Although inspectors haven't checked the restaurant for Clostridium perfringens since April, three routine health inspections in late April and in May state that the restaurant did not reheat beef to at least 165 degrees — the minimum temperature Doyle says will kill Clostridium perfringens. But in July, the restaurant passed that portion of its inspection.

When she went back to work at Emory University's Goizueta Business School, Bonds' wife Kratzer kept hearing people murmur about her husband's strange death, according to her attorney. So she sent an e-mail to some Emory faculty members and students concerning El Azteca: "My husband died recently from ingesting contaminated food there.
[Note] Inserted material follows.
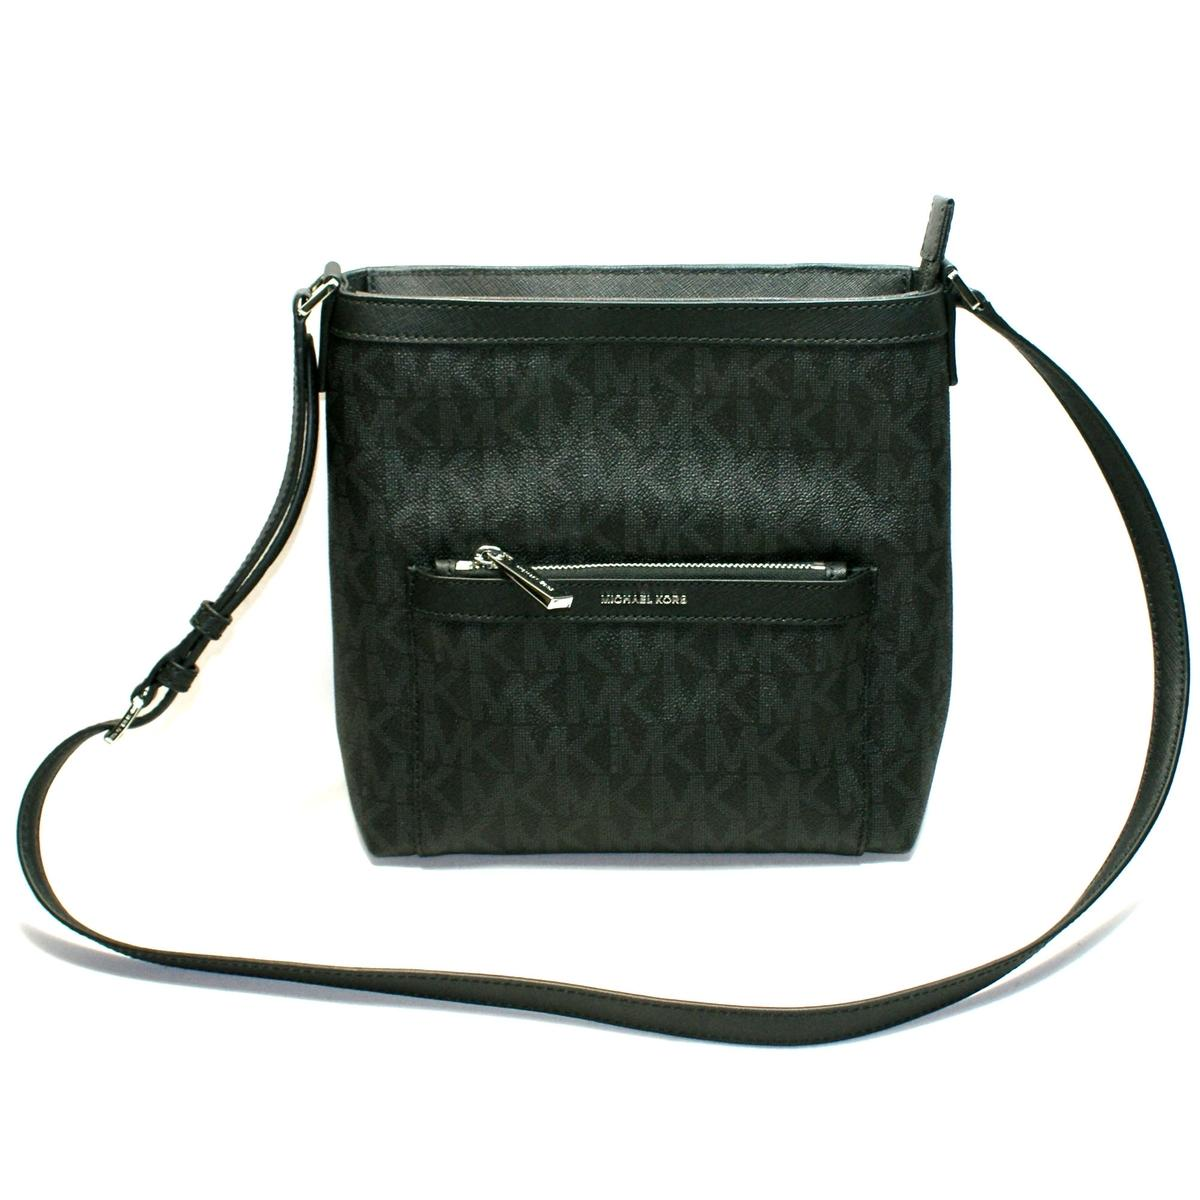 48247c2b0d78 Home · Michael Kors · Morgan Medium Messenger/ Crossbody Bag Black. CLICK  THUMBNAIL TO ZOOM. Found ...

It is my understanding that during their investigation, the Health Department found the deadly bacteria in the food on the premises but let them stay open. ... Please pass this message on, and please, for your safety: Don't eat there."

News of Bonds' death spread via e-mail, gaining the notoriety of an urban legend. "Not sure if this is legit," writes one of several people in the forwarding e-mail chain, "but it has been making serious rounds."

Bonds himself was known to have a healthy interest in macabre myths. His IllimuNet Press publishing company released such works as Jim Keith's "Black Helicopters Over America" and spawned plots for "The X-Files" and the film "Conspiracy Theory."

Harper filed a wrongful death suit on behalf of Kratzer July 30 against El Azteca and its parent company, Aztec Travel, alleging the restaurant negligently sold unsafe food. The health department investigation and allegations in the lawsuit refer only to the El Azteca at 939 Ponce de Leon Ave., and not to eight other El Azteca restaurants in metro Atlanta.

Restaurant representative Gerald Benda says a lawsuit tells only one side of a story.

"There's probably a lot more to that [situation]," says Benda, an attorney who had not yet been served with the lawsuit when CL spoke to him. Because he may or may not be representing El Azteca in the wrongful death case, Benda declined further comment except to say food poisoning is widespread in Atlanta restaurants.

Harper admits that the type of poisoning named in his lawsuit against El Azteca likely exists elsewhere in Atlanta.

"Food poisoning can come from any restaurant," Harper says. "They just happened to be unfortunate. But not as unfortunate as Ron."??